In both groups of animals, macrophages represented a significant number of CD45+ immune cells isolated in all locations at GD12.5 (decidua, placenta, and uterus). While uNK cells were most abundant within the decidua, macrophages were the most prevalent leukocytes within the uterus and placenta. The distribution differences in the percentage of macrophages across the three tissues were significant in WT mice, (highest percentage in placenta and lowest in decidua; p=0.029), whereas no statistical differences in distribution occurred in Emp2 KO tissues (Fig. 3A). When WT and Emp2 KO groups were directly compared, the percentage of all macrophages (F4/80+) relative to the CD45+ cell population were not statistically different within the uterus, decidua or placenta (Fig. 3A).
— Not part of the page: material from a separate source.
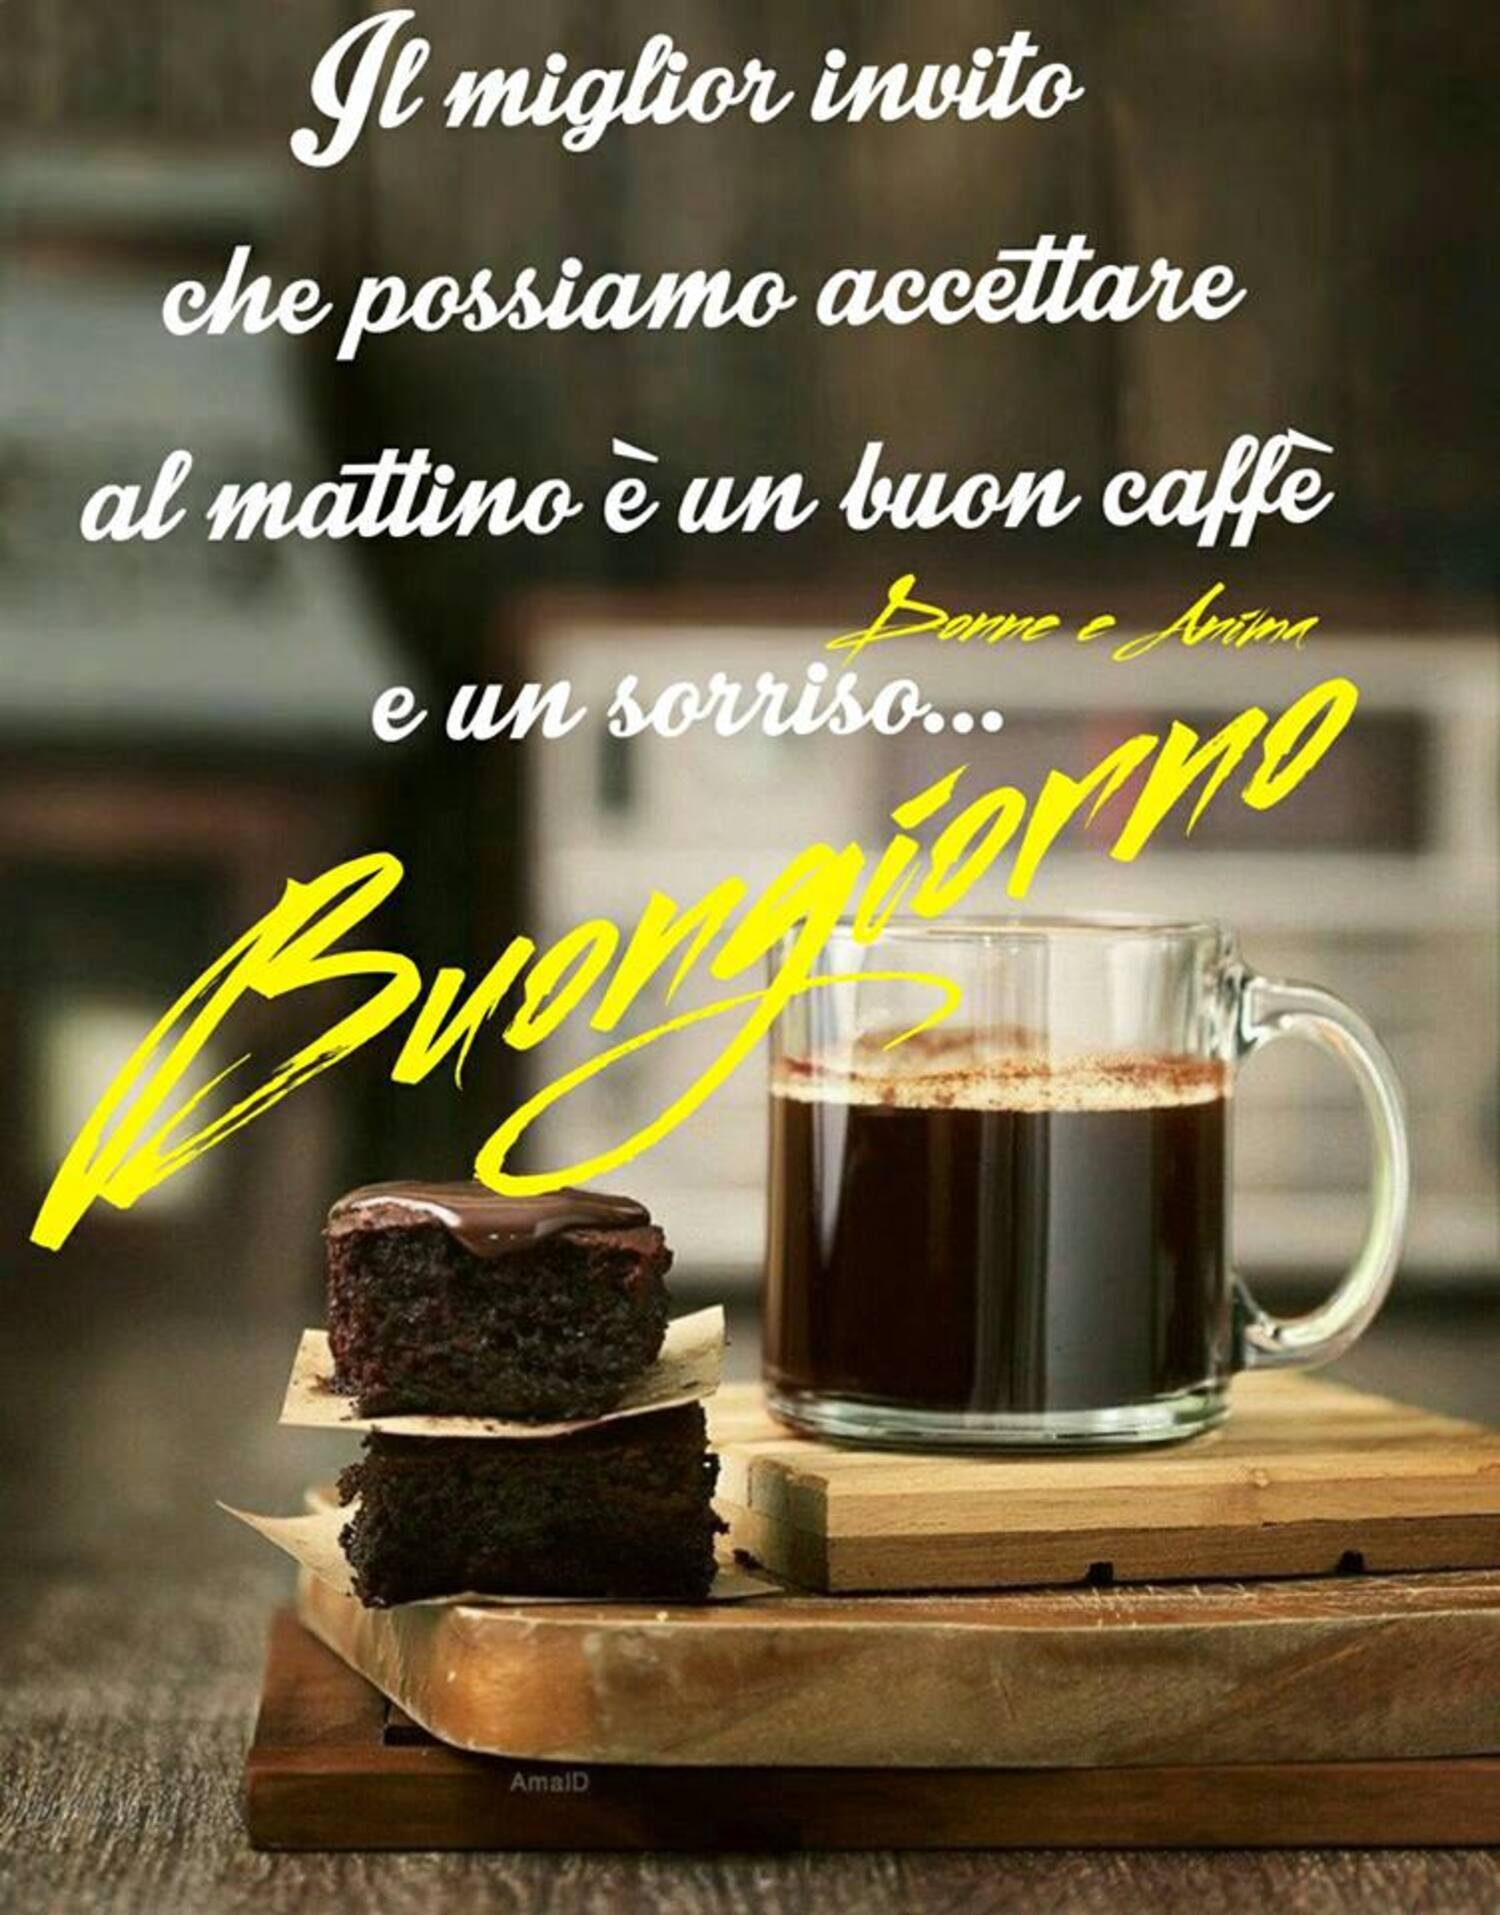 Il miglior invito che possiamo accettare al mattino, è un buon caffè e un sorriso... Buongiorno

Figure 3: Emp2 KO mice have an increased percentage of M1 macrophages in the placenta at GD12.5 compared to WT mice.

Figure 3:

(A) Graphs depict the percentage of macrophages (F4/80+) cells of CD45+ cells isolated from the decidua, placenta, and uterus in WT (open bars) and Emp2 KO (grey bars) mice. Macrophages represent the largest percentage of immune cells in all tissues, and do display differences in the percentage of CD45+ cells across the tissue types in WT (*p=0.03, ANOVA), but not Emp2 KO mice. However, there are no differences between WT and Emp2 KO mouse macrophage percentages in the uterus, decidua or placenta (n=4–6 samples/group). B) Graphs depict the percentage of M1 macrophages (MHCII+) from the total F4/80+ cells isolated from the decidua, placenta, and uterus in WT (open bars) and Emp2 KO (grey bars) mice. WT mice display significant differences in the percentage of MHCII+ cells across the tissue types (**p=0.005, ANOVA), with the largest percentage of M1 macrophages present in the decidua. Emp2 KO mice do not display significant differences in the M1 macrophage percentage in the various tissues. However, there is an increased percentage of M1 macrophages in Emp2 KO mice in the placenta compared to WT mice (*p=0.03, Student’s t test). C) Graphs depict the percentage of M2 macrophages (CD206+) from the F4/80+ cells isolated from the decidua, placenta, and uterus in WT (open bars) and Emp2 KO (grey bars) mice (n=4–5 samples/group). Emp2 KO mice display differences in the percentage of CD206+ macrophages across the tissue types (*p=0.04, ANOVA), with the largest percentage of M2 macrophages present in the placenta. WT mice do not display significant differences in the M2 macrophage percentage across the various tissues. D) However, there is an increased M1/M2 macrophage ratio in Emp2 KO mice in the placenta compared to WT mice (*p=0.03, Student’s t test). Data are represented as mean ± SEM and show the compiled results from 3 independent experiments using pooled samples from at least 3 mice/group.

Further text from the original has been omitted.